ASSIGNMENT
Once you find the line below that has "Stuart Weitzman Oxblood", output it and every line after it exactly, stopping after the line that has "Oxblood coloring", with no pictures.

RECORDS SHOWN
_ _ _ _ _ _ _

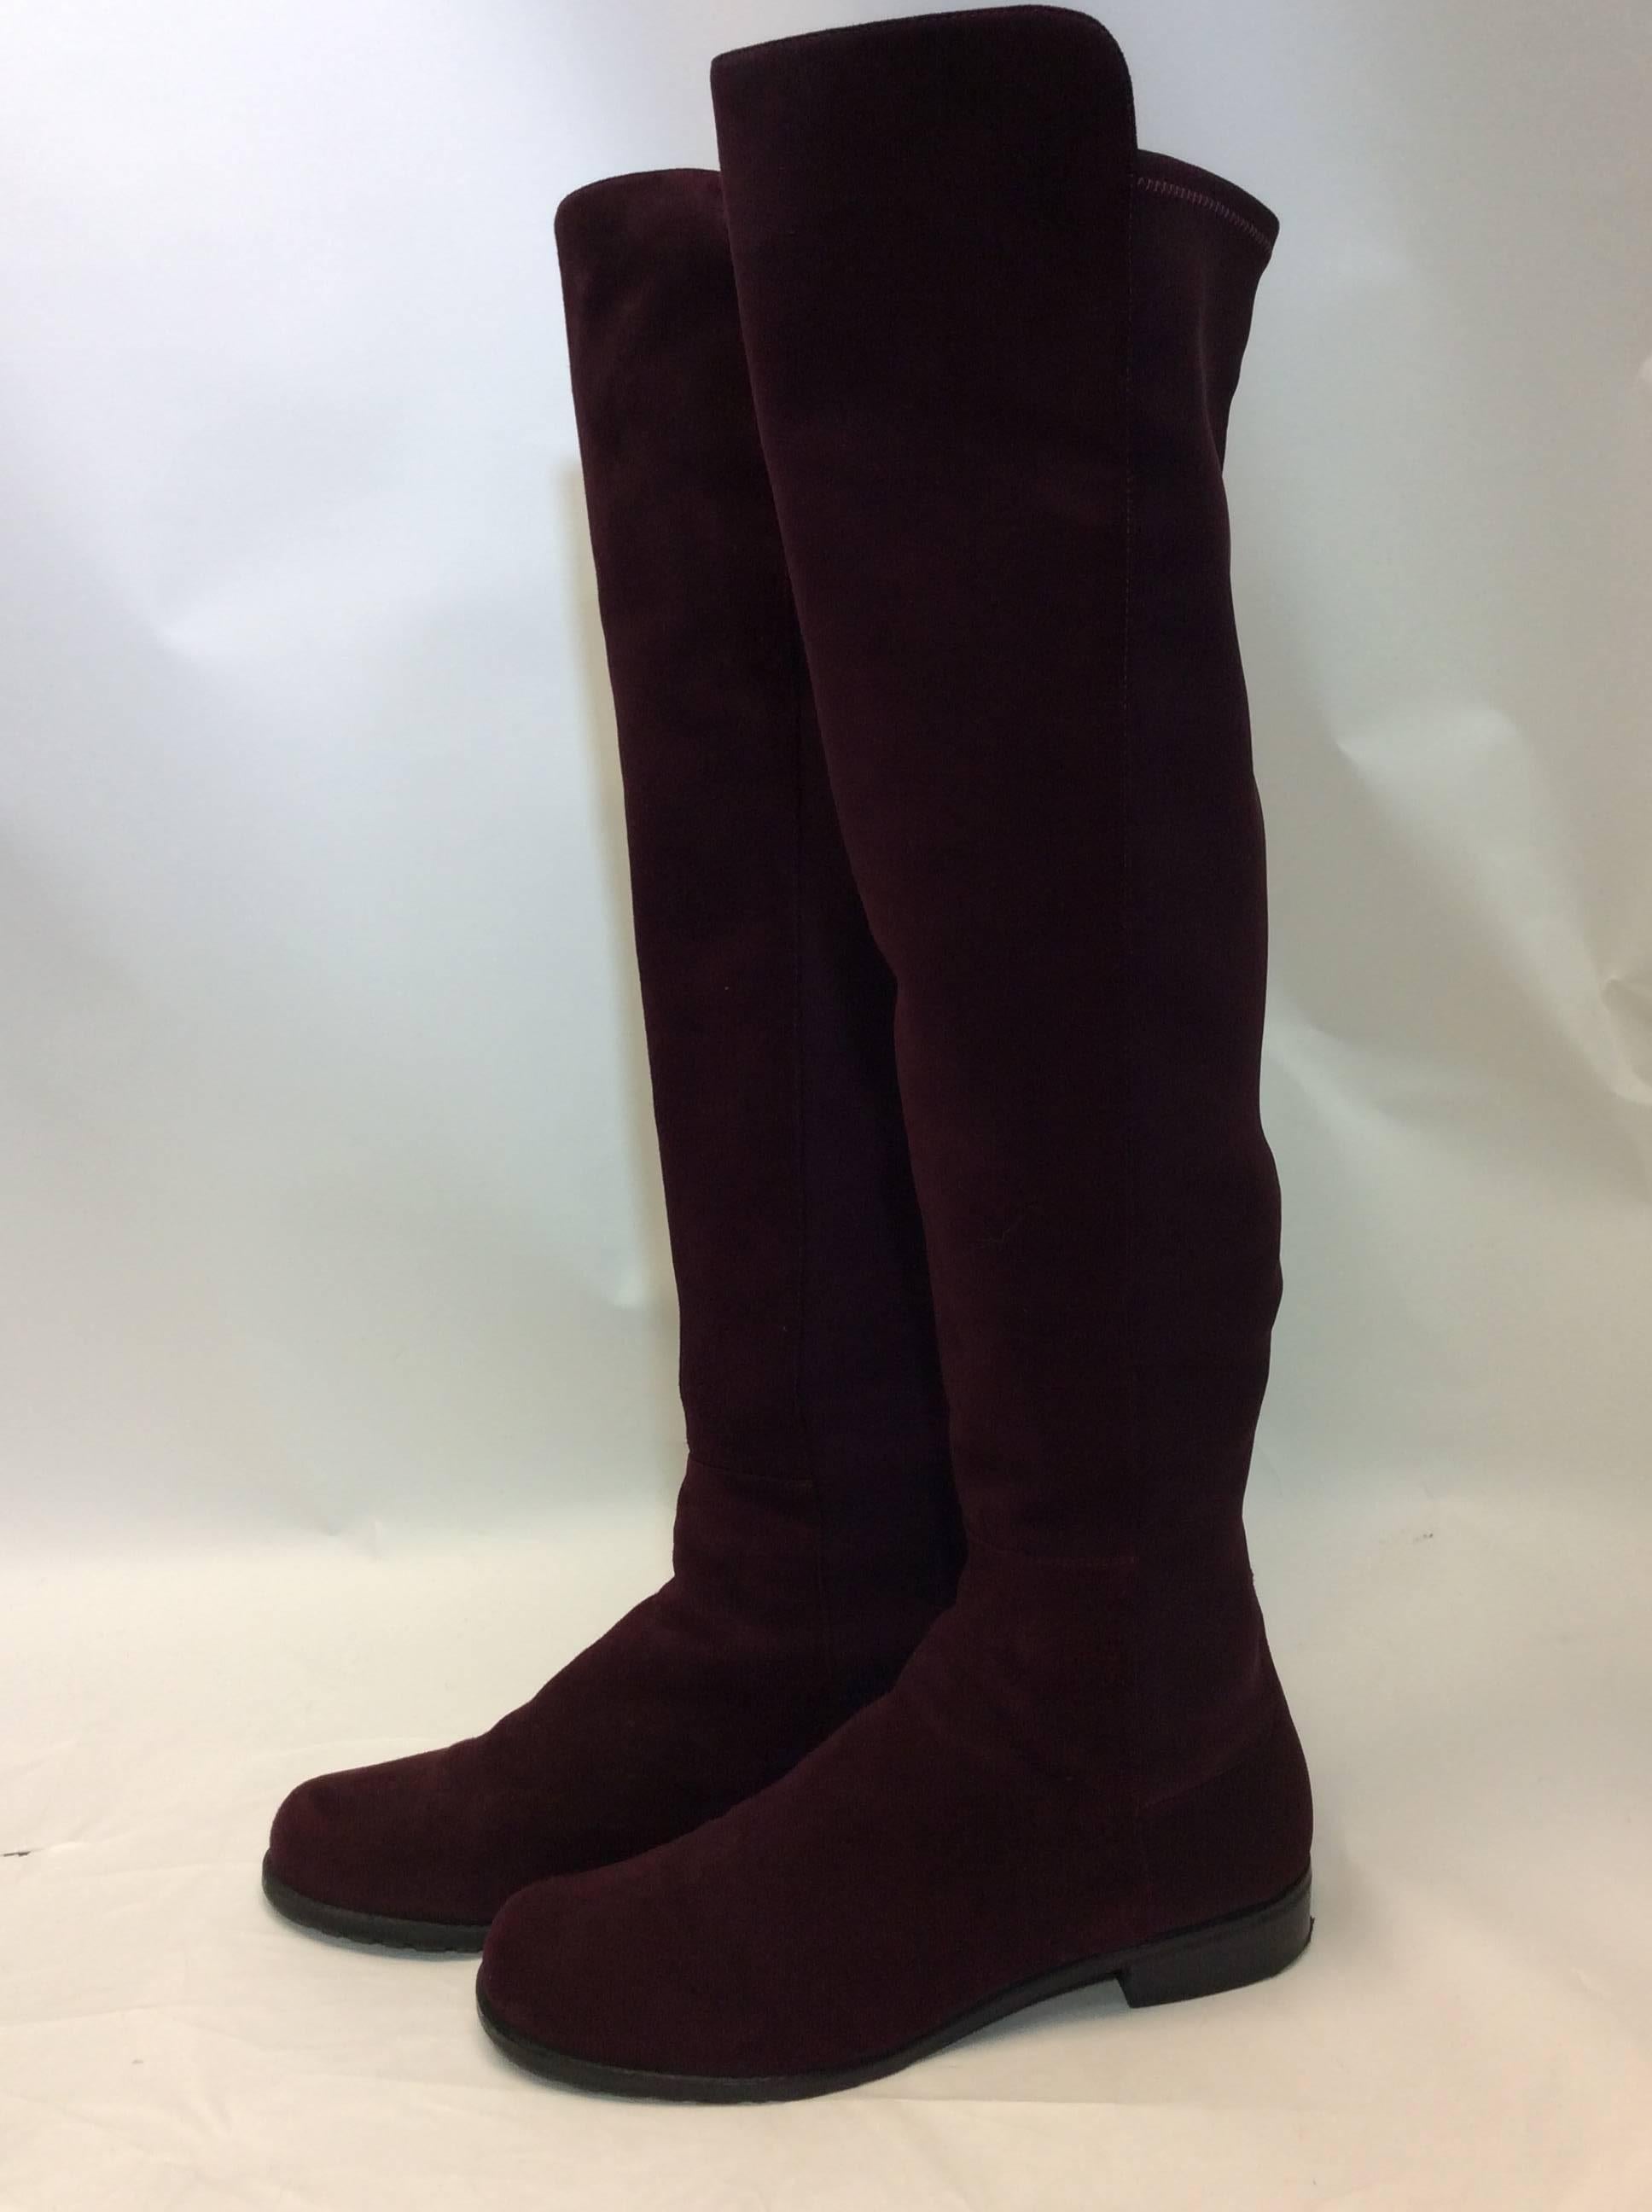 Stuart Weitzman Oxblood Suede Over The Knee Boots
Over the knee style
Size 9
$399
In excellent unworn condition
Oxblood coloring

_ _ _ _ _ _ _

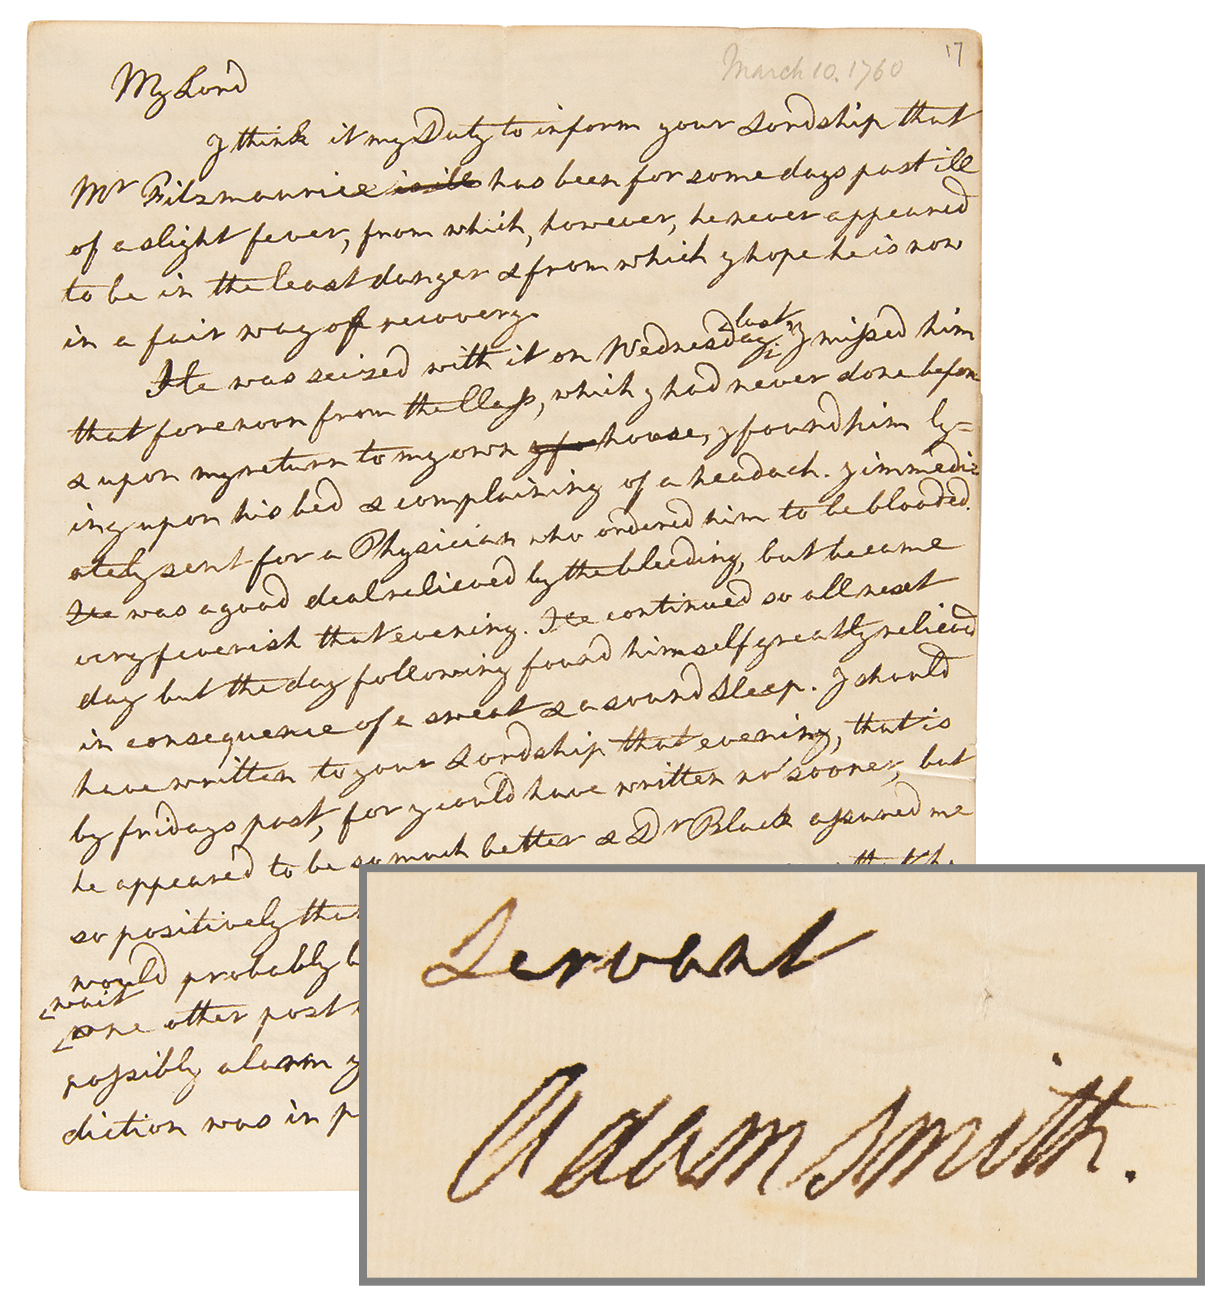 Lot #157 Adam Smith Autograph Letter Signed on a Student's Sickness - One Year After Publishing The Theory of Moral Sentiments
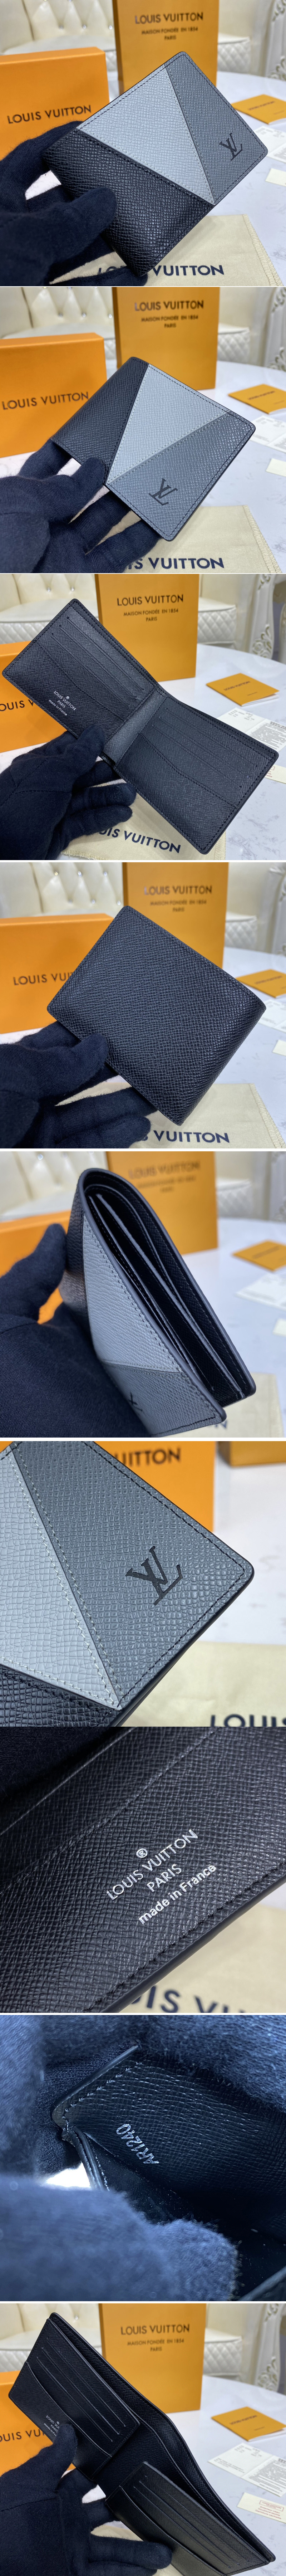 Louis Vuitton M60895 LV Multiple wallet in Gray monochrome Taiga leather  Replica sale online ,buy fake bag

_ _ _ _ _ _ _

FINAL ANSWER
 Stuart Weitzman Oxblood Suede Over The Knee Boots
Over the knee style
Size 9
$399
In excellent unworn condition
Oxblood coloring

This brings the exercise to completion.